Parish in Louisiana, United States

Washington Parish (French: Paroisse de Washington; Parroquia de Washington) is a parish located in the interior southeast corner of the U.S. state of Louisiana, one of the Florida Parishes. As of the 2020 census, the population was 45,463. Its parish seat is Franklinton. Its largest city is Bogalusa. The parish was founded in 1819 and is named for President George Washington.

Washington Parish comprises the Bogalusa, LA micropolitan statistical area, which is included in the New Orleans-Metairie-Hammond, LA-MS combined statistical area.

==History==
Washington Parish was formed in 1819 by splitting off from St. Tammany Parish. Franklinton was designated as the parish seat on February 10, 1821.

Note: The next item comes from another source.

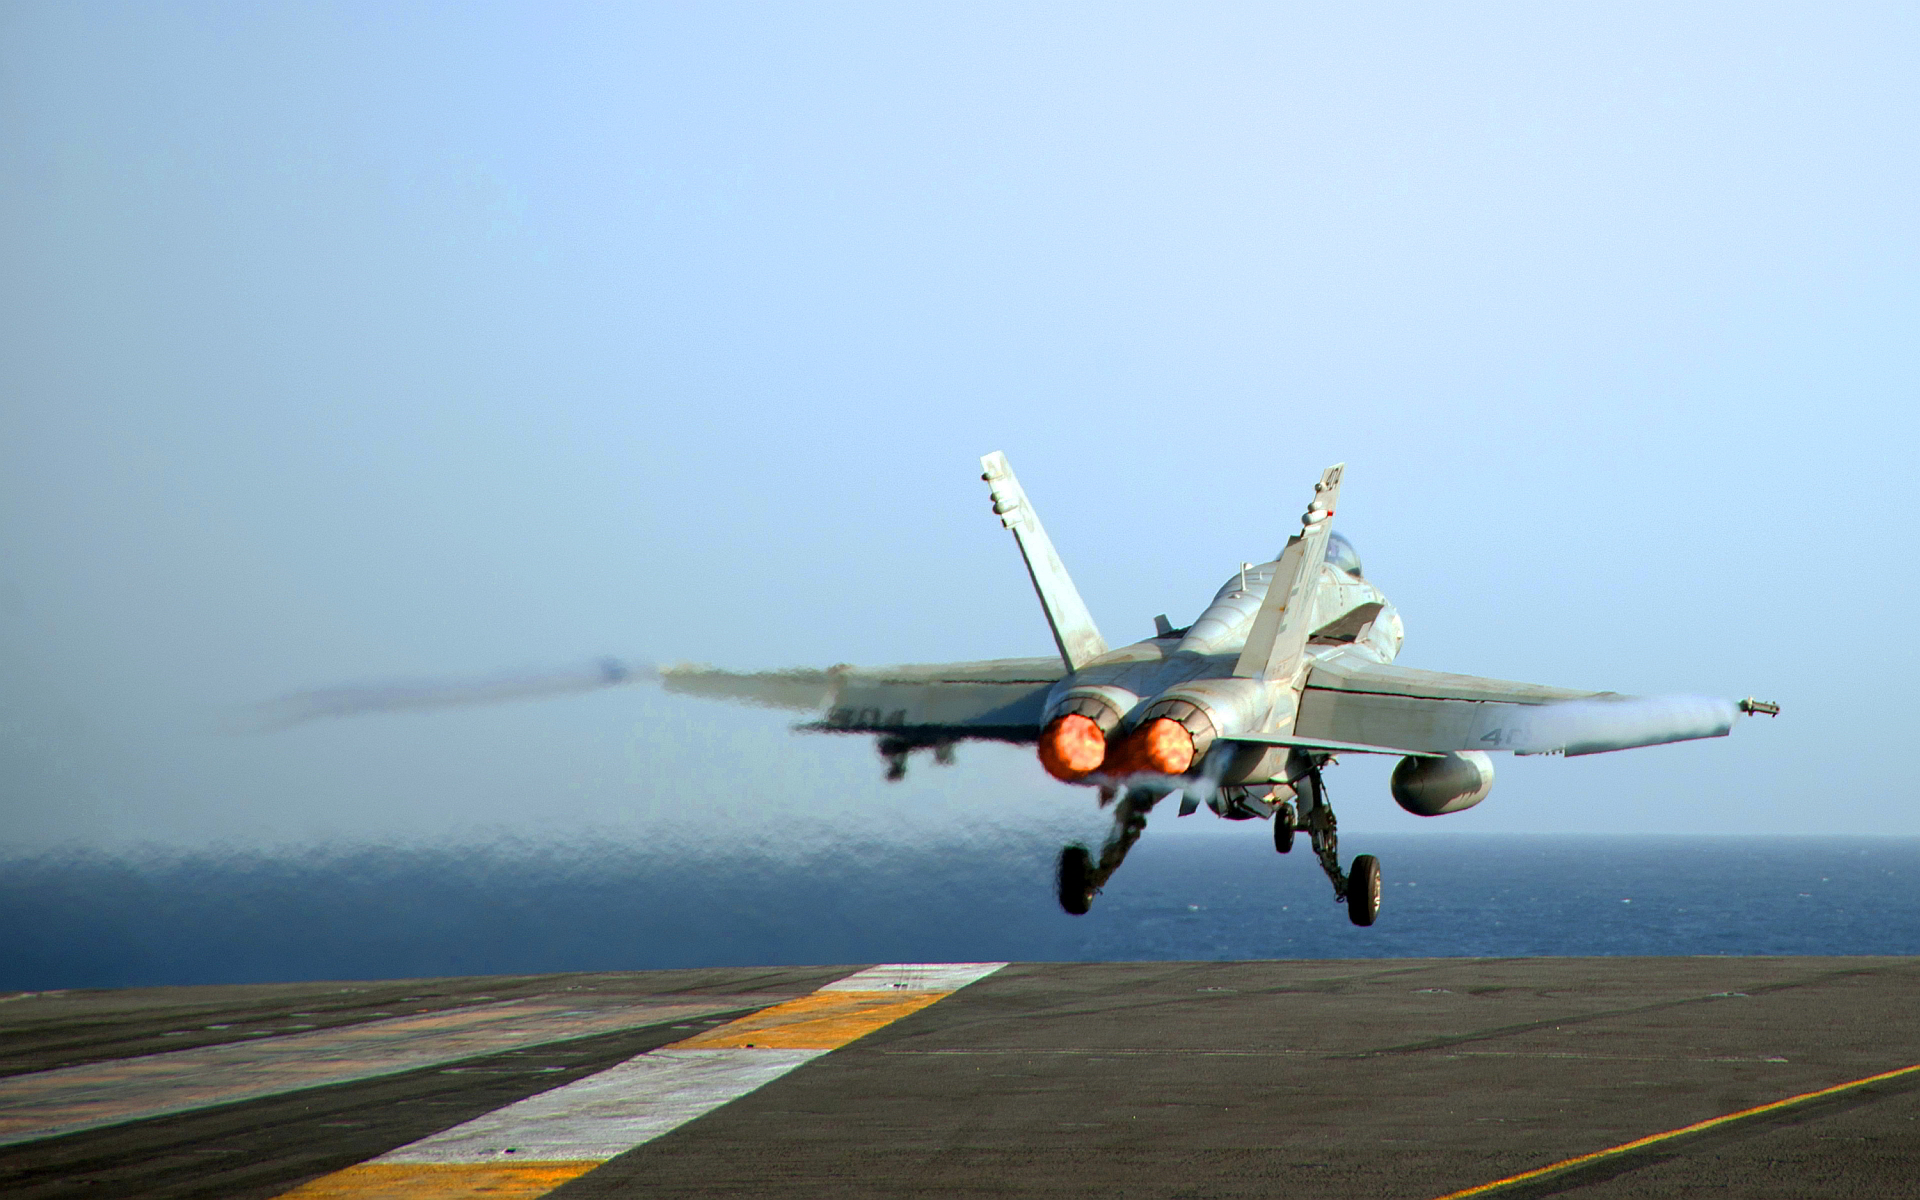 Jet aircraft carrier takeoff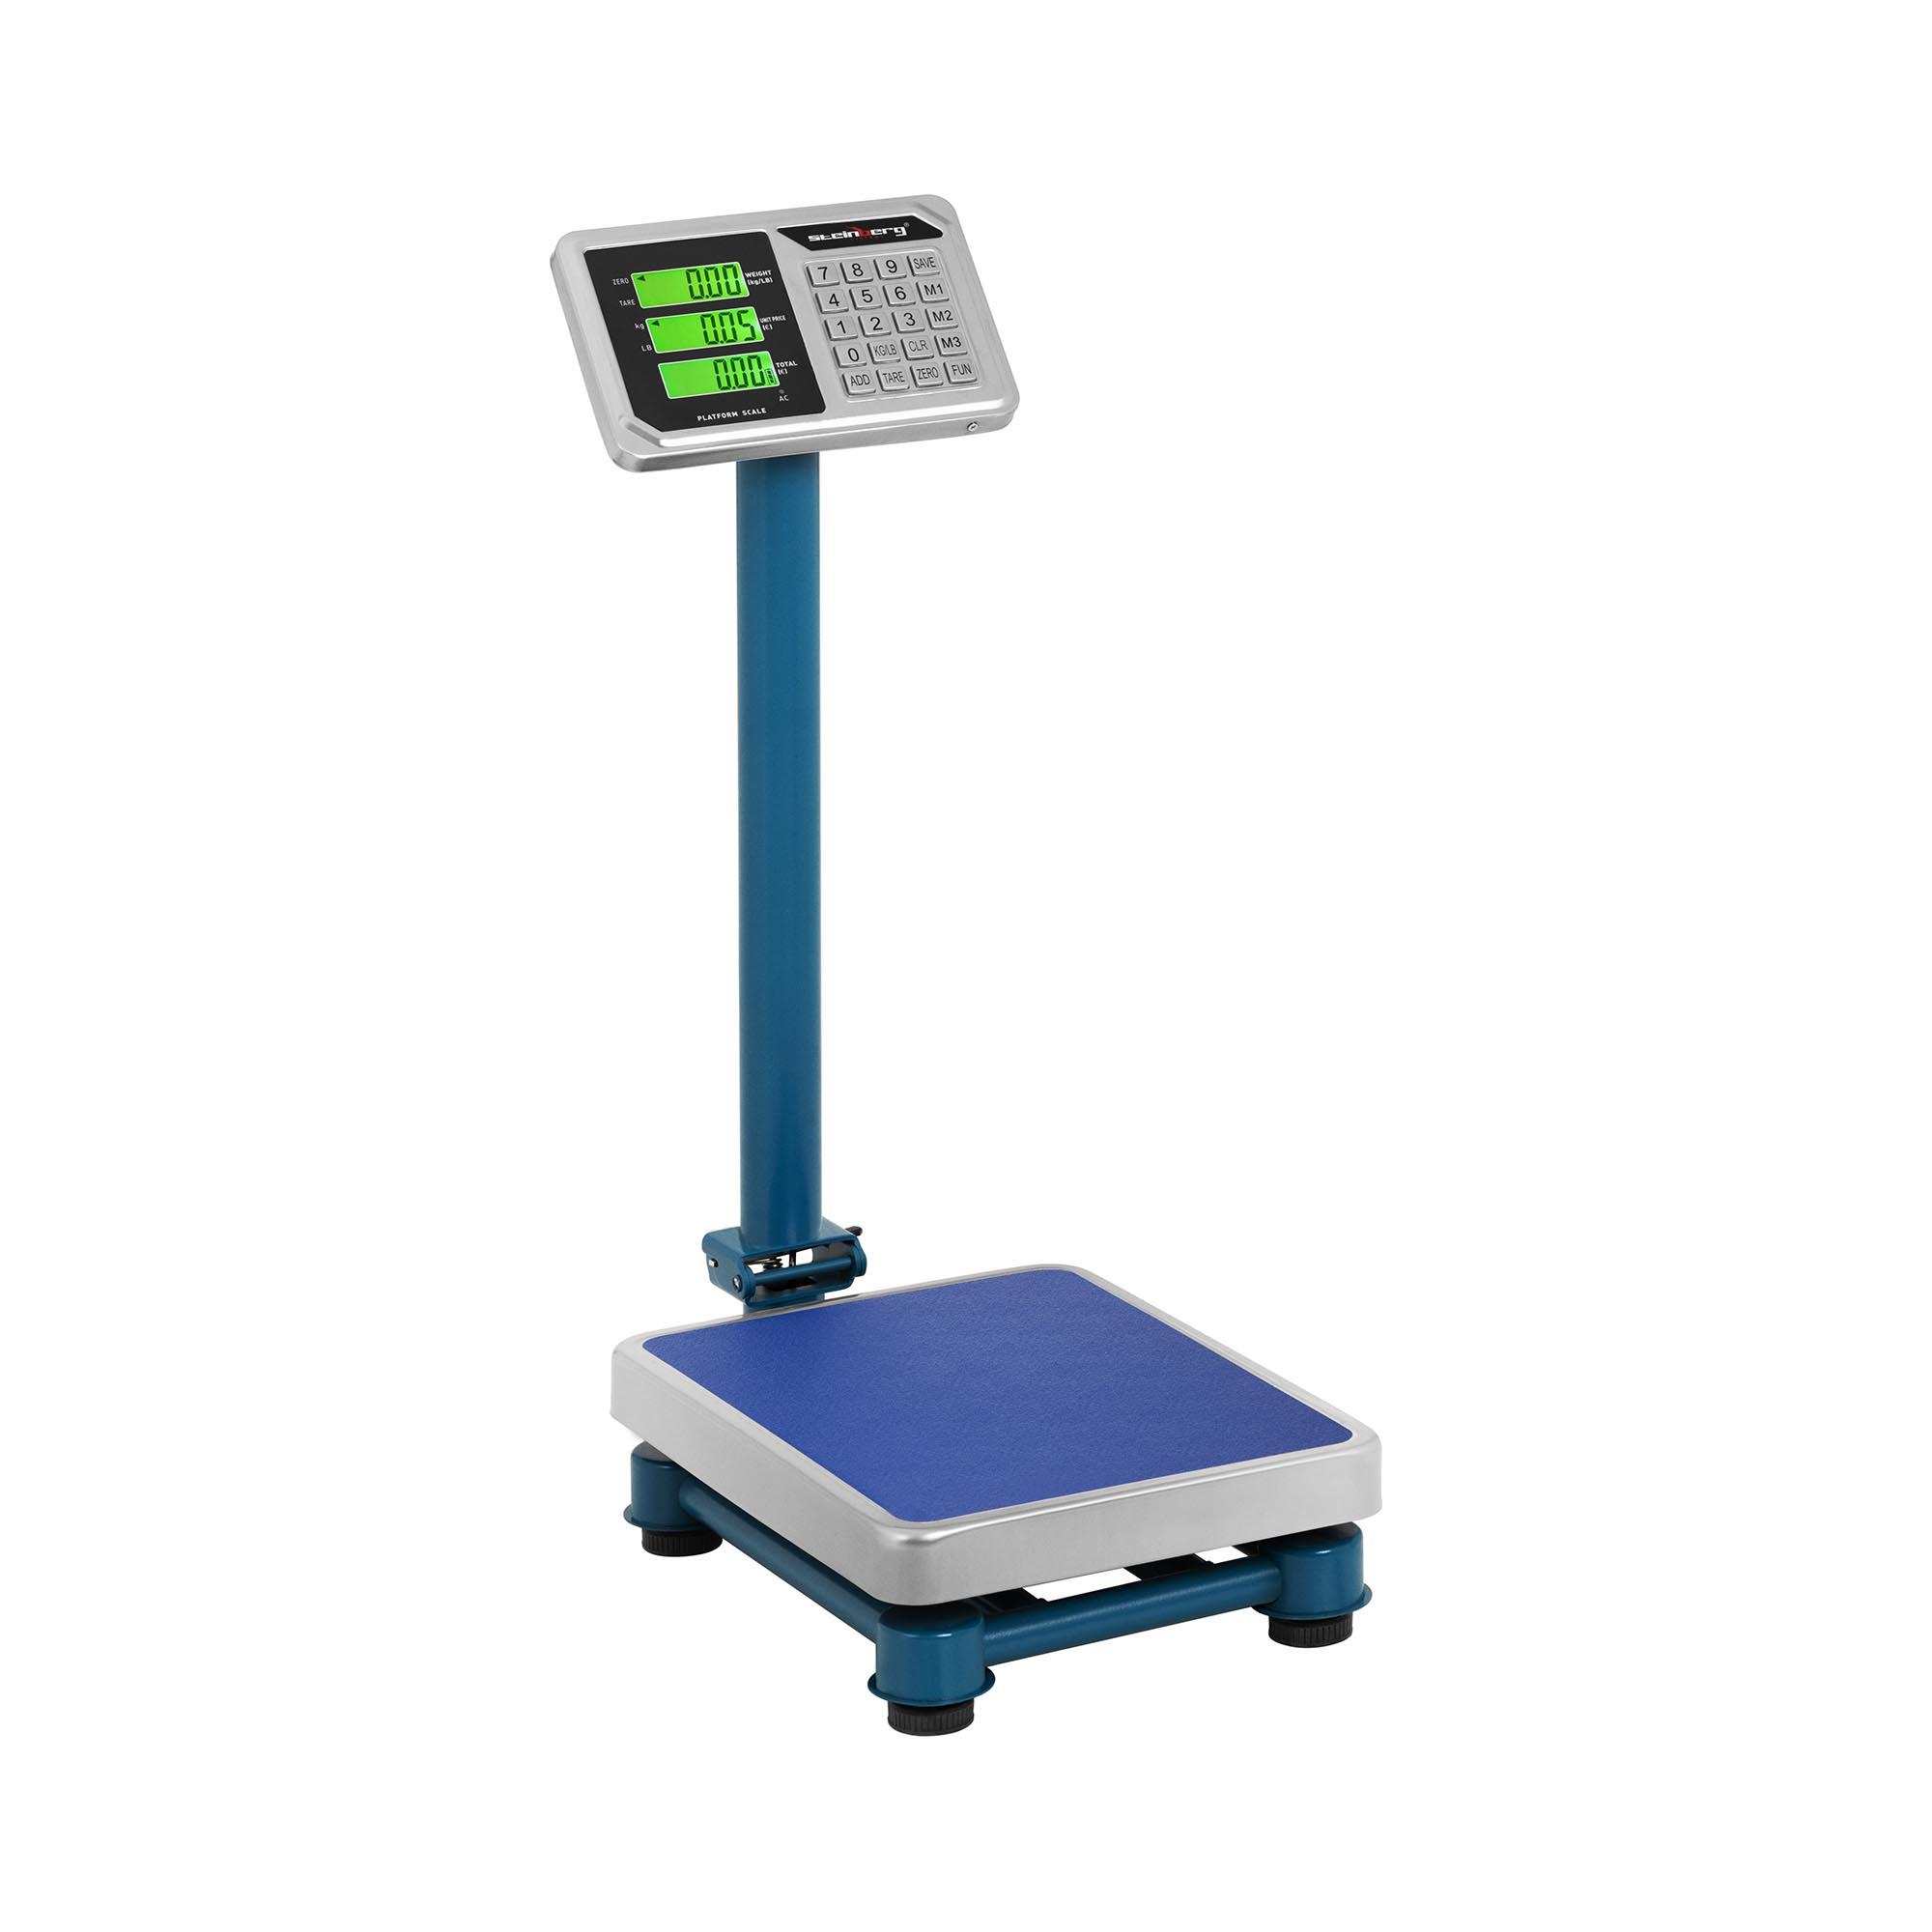 Steinberg Systems Plattformwaage - 100 kg / 20 g - 40 x 30 cm - LCD - Edelstahl SBS-PF-100/20C

Washington Parish is the most northeasterly of what are called the Florida Parishes. Great Britain took over control of this French territory east of the Mississippi River in 1763 after defeating France in the Seven Years' War. But France had also ceded some territory to Spain. This area was under contention, and English and American settlers tried to set up an independent state here in 1810. The United States annexed the territory, later settling with Spain in a treaty. Through much of this period, the French influence remained strong in the region, especially in its former colonial cities.

This area was rural and forested with virgin longleaf pine (Pinus palustris L.) In the early 20th century, entrepreneurial brothers Frank and Charles W. Goodyear, already successful businessmen from Buffalo, New York, purchased hundreds of thousands of acres of forest in this area and in southwestern Mississippi. They established the Great Southern Lumber Company, constructed a huge sawmill (the largest in the world at the time) in the middle of the forest, and developed Bogalusa, Louisiana, as a company mill town. In the early 20th century, there were numerous confrontations as workers attempted to unionize and companies hired private militia to suppress such activities.

The company housing for workers was divided by Jim Crow custom and state laws on racial segregation into sections for "Americans" and another for "colored" and foreign workers. It also built housing for supervisors, and supporting facilities, such as several hotels, churches, a YMCA and YWCA, schools, and other services within a year, opening facilities in 1907. To access the timber and transport processed lumber from the mill to markets, the company built the New Orleans Great Northern Railroad, connecting Bogalusa to the port of New Orleans.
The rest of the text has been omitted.